The C.I.A. needs to fight harder to understand the future and prevent strategic surprise, and policymakers need to let it.
Let the C.I.A. Do What It Is Supposed to Do
Amy Zegart is a senior fellow at the Hoover Institution and co-director of Stanford University’s Center for International Security and Cooperation. She is the author of "Spying Blind: The C.I.A., the F.B.I., and the Origins of 9/11."
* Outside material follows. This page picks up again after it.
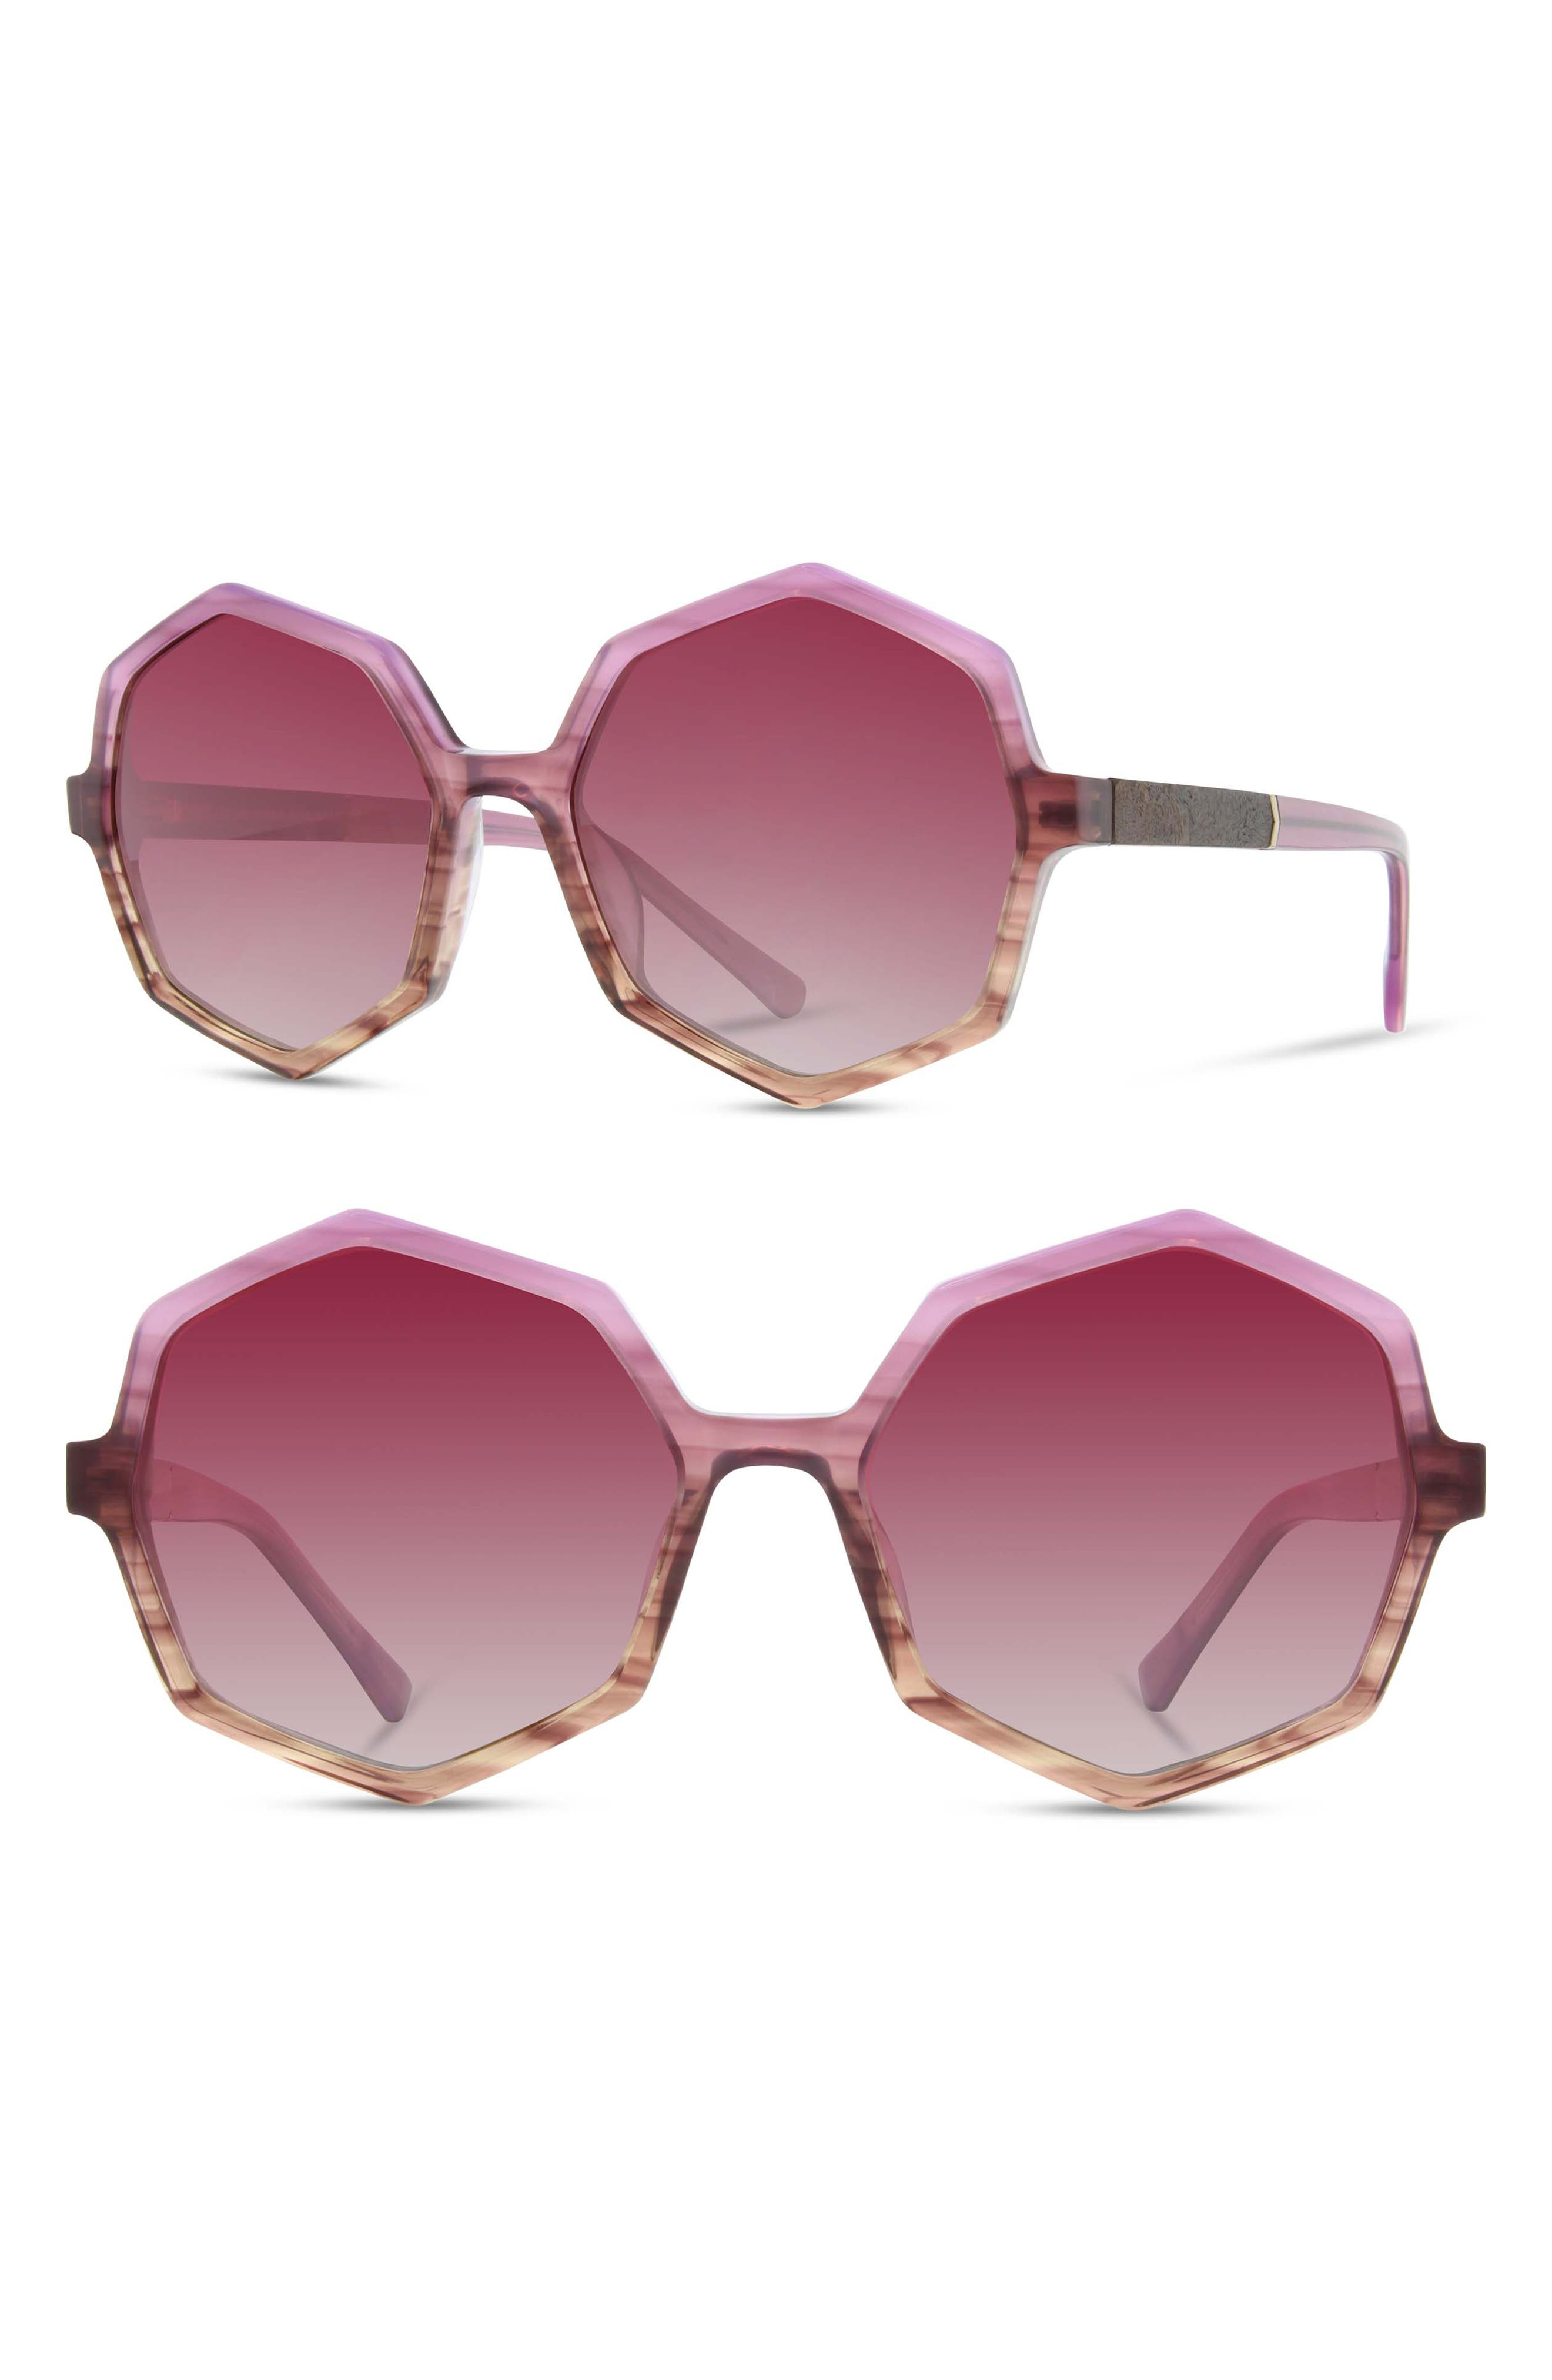 SHWOOD Aurora 57Mm Sunglasses - Lavender/ Elm Burl/ Rose Fade

Updated December 22, 2014, 9:39 AM
From its inception in 1947, the C.I.A. was designed with one overriding mission: preventing strategic surprise. Its controversial interrogation program is just the latest symptom of a larger disease, the tyranny of the current. Since 9/11, rather than assessing the threat landscape of the future, the C.I.A. has been mired in the terrorist threat of the here and now. Time and energy spent on targeted killings, black sites and interrogations with water boards and rectal hydration was time and energy that could have been spent better assessing and anticipating emerging challenges like the Arab Spring, Russian President Vladimir Putin’s intentions, or ISIS’s gathering strength. White House officials and warfighters naturally worry most about today. The C.I.A.’s job is to also worry about tomorrow.
America needs a Central Intelligence Agency that fulfills its founding mission. This task is more challenging than ever. During the Cold War, the C.I.A. could focus on understanding one principal adversary that paraded its nuclear missiles through Red Square and operated at the speed of bureaucracy. Now policymakers feel intense pressure to respond to the 24-hour news cycle, and they expect intelligence to help them.
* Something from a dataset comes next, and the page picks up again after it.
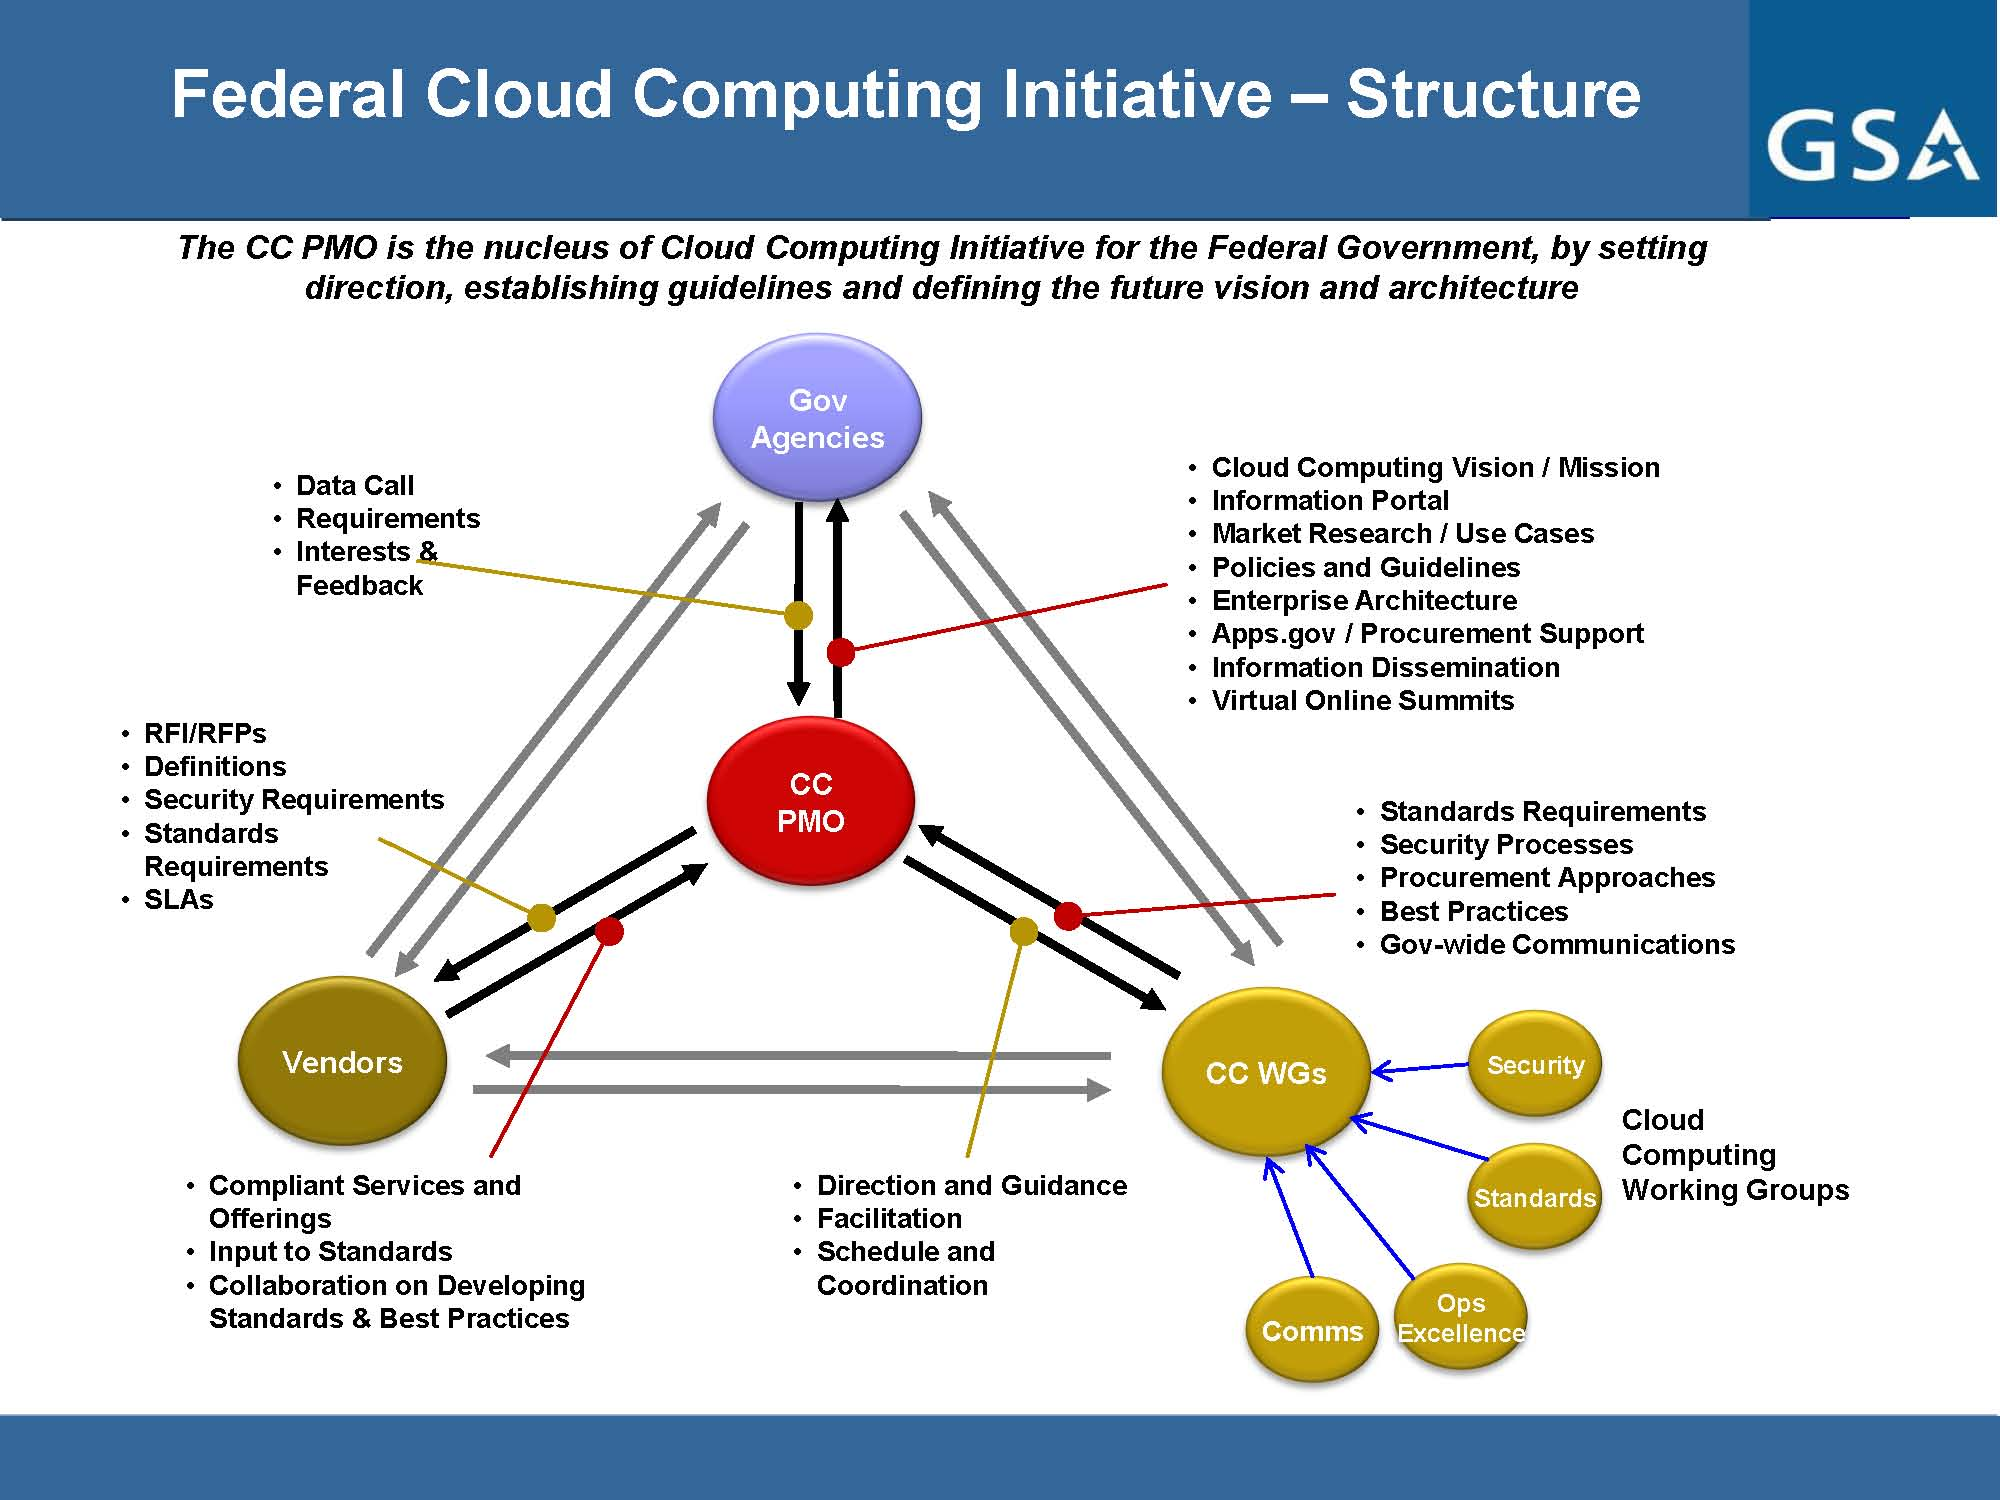 Cloud Computing Program Management Office

Meanwhile the United States confronts an unprecedented array of threats: rising states, failing states, weak states, rogue states and nonstate actors ranging from ISIS to Anonymous. Increasingly, these adversaries are moving at the speed of cyber and finding asymmetric ways to counter American military dominance. Firepower isn’t what it used to be.
National security in a post-9/11 world hinges more on what we can learn than what we can destroy -- on understanding adversaries’ intentions, capabilities, preferences, fears and weaknesses faster and better than they can understand ours. The C.I.A. needs to fight harder to understand the future and prevent strategic surprise, and policymakers need to let it.